Everything you would build yourself, already built
| What you need | Rolling your own | With Hypeline |
|---|---|---|
| Handle any source format | A parser per feed type, plus a scraper for pages with no feed | One endpoint, format auto-detected |
| Extract the real content | Custom boilerplate removal per site | Built-in content extraction |
| Detect genuine changes | Your own diffing and dedup, tuned to avoid noise | Fingerprinted, deduplicated for you |
| Deliver in real time | Build and operate SSE, webhooks and retries | SSE, cursor and signed webhooks out of the box |
| Stay polite and safe | robots.txt, backoff, SSRF protection | Handled at the fetch layer |
Frequently asked questions
What kinds of websites can I turn into an API?
Any public source you point Hypeline at, in any language or region. It handles RSS, Atom and JSON feeds, web pages that it watches for real changes, and live push sources. It ingests only free, open, public content.
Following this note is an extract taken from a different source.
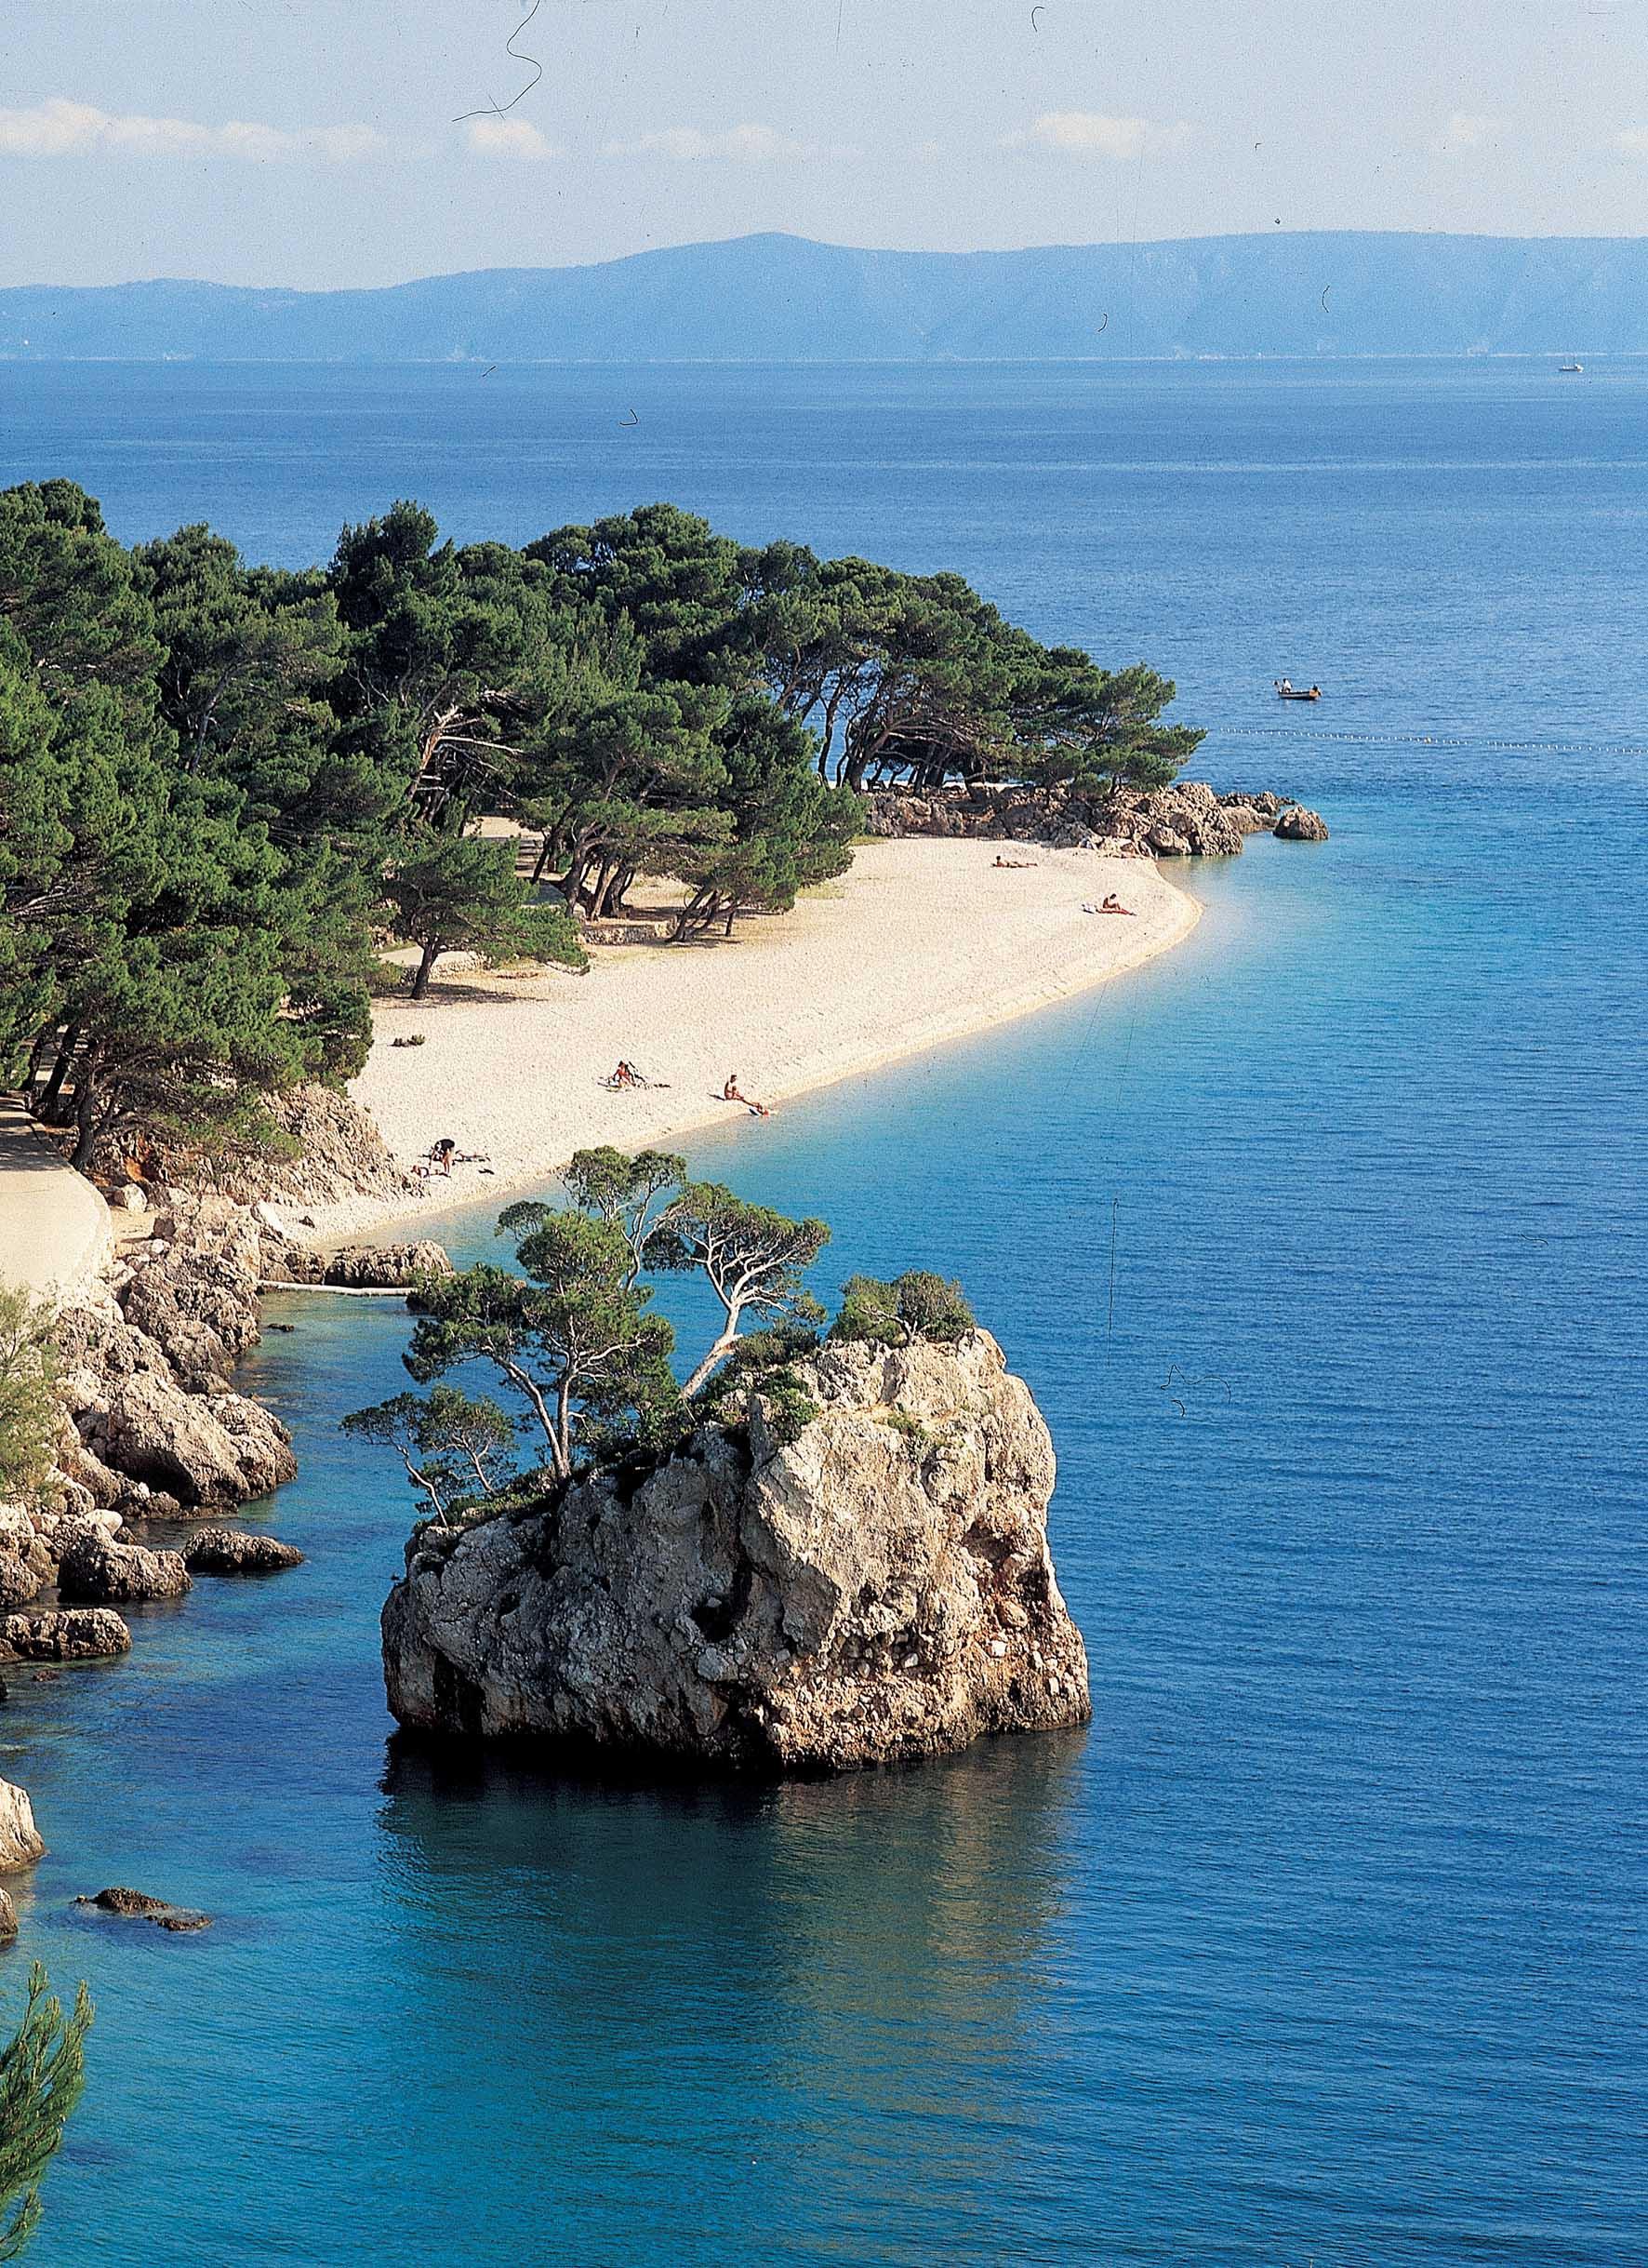 croazia-spiaggia-penisola-alberi-ilnordestquotidiano

Do I need the site to have an RSS feed?
No. If a feed exists Hypeline uses it, but plain web pages work too: it fetches the page, rendering it in a real browser when the page needs one to load, extracts the main content, and detects genuinely new material by comparing fingerprints over time.
How do I receive the data?
Over plain HTTPS. Subscribe with Server-Sent Events for a live feed, catch up or backfill with a cursor, and receive HMAC-signed webhooks for server-to-server delivery. Every event follows one stable, versioned schema.
Is it polite to the sites it watches?
Yes. Fetching respects robots.txt, rate limits and conditional requests, with adaptive per-source scheduling so hot sources are checked often and quiet ones back off.